4. Does the event prevent the fulfillment of obligations?
- It must be verified if the fact makes it impossible to fulfill the obligations, that is, if there is a clear and direct relationship between the event of force majeure and the impossibility of complying with the service that the debtor had to fulfill.
- It must be identified what was the nature of the obligation that the debtor had to fulfill, as this may impact whether it has really been made impossible or not.
For example: identifying if it is an obligation to deliver a certain thing that has not been able to leave the port, an obligation to deliver any kind of things that can be obtained in other places, an obligation to provide a service or organize an event that has been restricted, and so on.
If compliance with obligations is not impossible, but more expensive, is there a solution under Colombian law?
If the fulfillment of the obligations becomes considerably more expensive, but not impossible, it would not be a case of force majeure or fortuitous event.
However, it could be a phenomenon of contractual unpredictability -for contracts between individuals- or economic imbalance -for contracts with the State-.
The general rule is that, meeting certain particular requirements for each case, the contract is not terminated, but rather that a judge readjusts its terms to adapt to new unforeseen circumstances. It is also possible that the contract includes adjustment mechanisms that do not require going to the judge or arbitral tribunal.
Can there be other consequences under Colombian law if a contract is not fulfilled for events derived from COVID-19?
In the event that the force majeure requirements are not met, but COVID-19 or events derived from it have had a decisive impact on the fulfillment of the contract, despite the diligence of the debtor, it may be considered a decrease in the fault or even exoneration for absence of fault, depending on the content and scope of the obligation.
For contracts that have not been signed or are being signed so far, how to regulate the possible effects of COVID-19?
For contracts that are being signed so far, COVID-19 would no longer be an unforeseeable event, so it is advisable to regulate the distribution of possible risks derived from this situation between the parties.
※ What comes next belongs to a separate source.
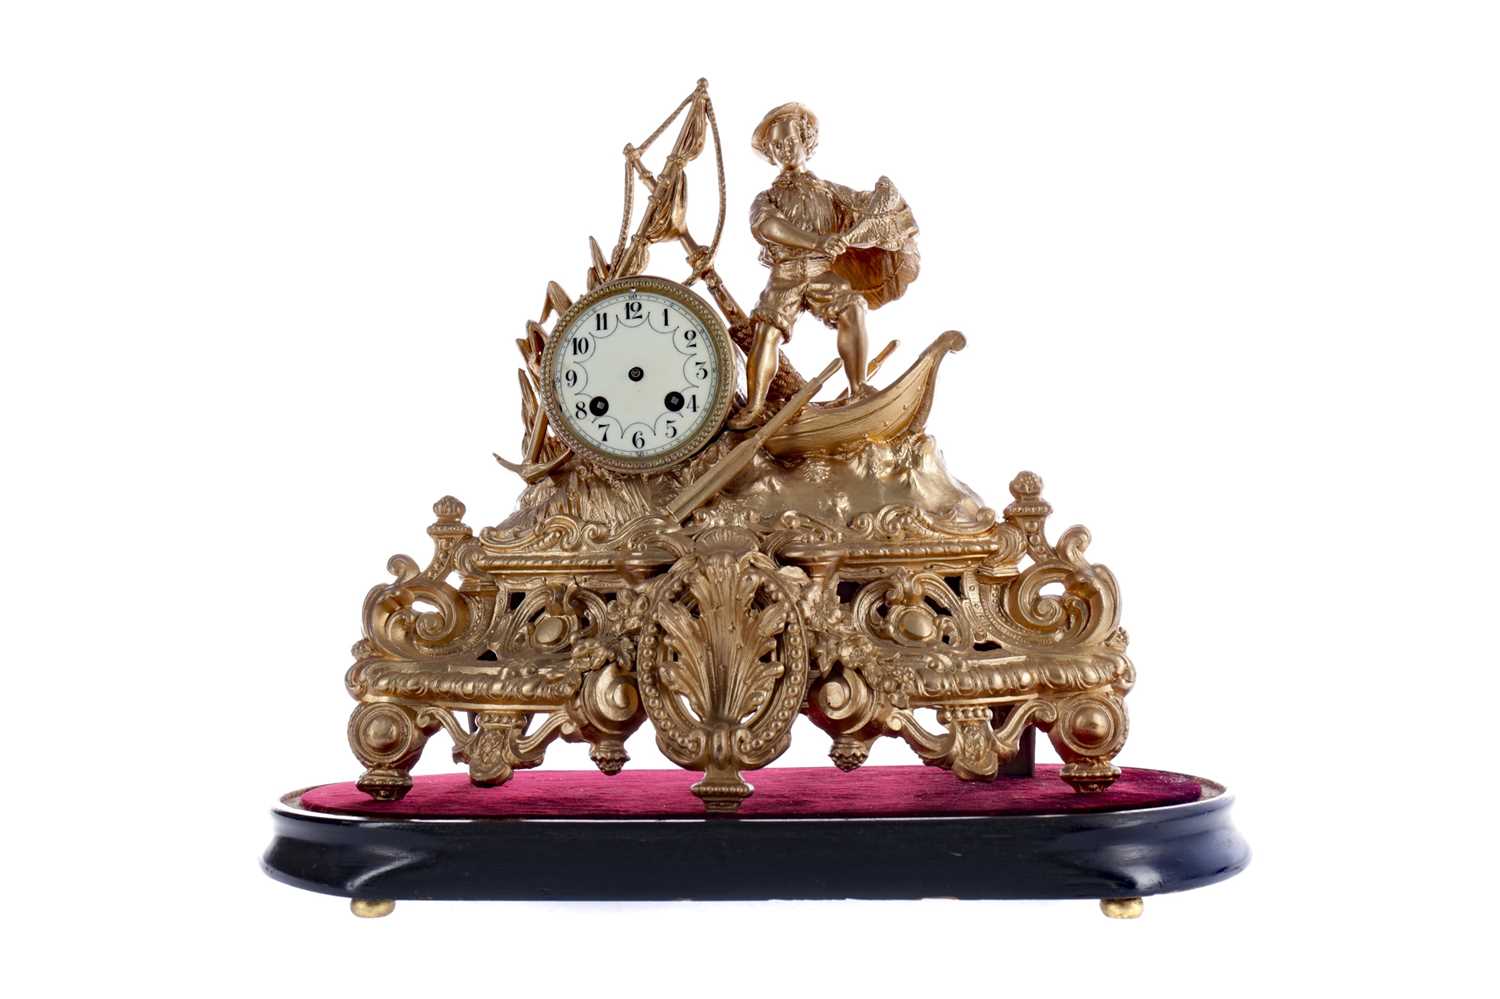 Lot 1882 - A LATE 19TH CENTURY FIGURAL MANTEL CLOCK

For example:
- Carry out judicious due diligence exercises to identify the main risks of itself and of the counterparty in order to comply with its obligations.
- Specify by consideration ones, declarations or guarantees the capacity of each of the parties to respond for the obligations of the contract given the emergency of COVID-19.
- Establish insurance policies or other guarantees that allow to protect some of the risks derived from COVID-19 or successive events.
- Establish periods of suspension of obligations if compliance is impossible or excessively costly.
- Provide flexible terms and conditions for the fulfillment of obligations, with clear and timely information duties on the part of all contracting parties regarding their compliance status.
- Assign the risk of losses or higher costs to any of the parties, or distribute it among them.
- Establish resolution conditions or allow the exemption of responsibility from certain obligations as a result of COVID-19 or events derived from it.
- Regulate possible scenarios of early termination of the contract due to events that prevent the parties from substantially complying with their obligations.
In any case, it is possible that unforeseen situations or consequences arising from the health emergency may arise in the future, which will have to be evaluated in due course to determine whether they meet the requirements of force majeure or unforeseen circumstances.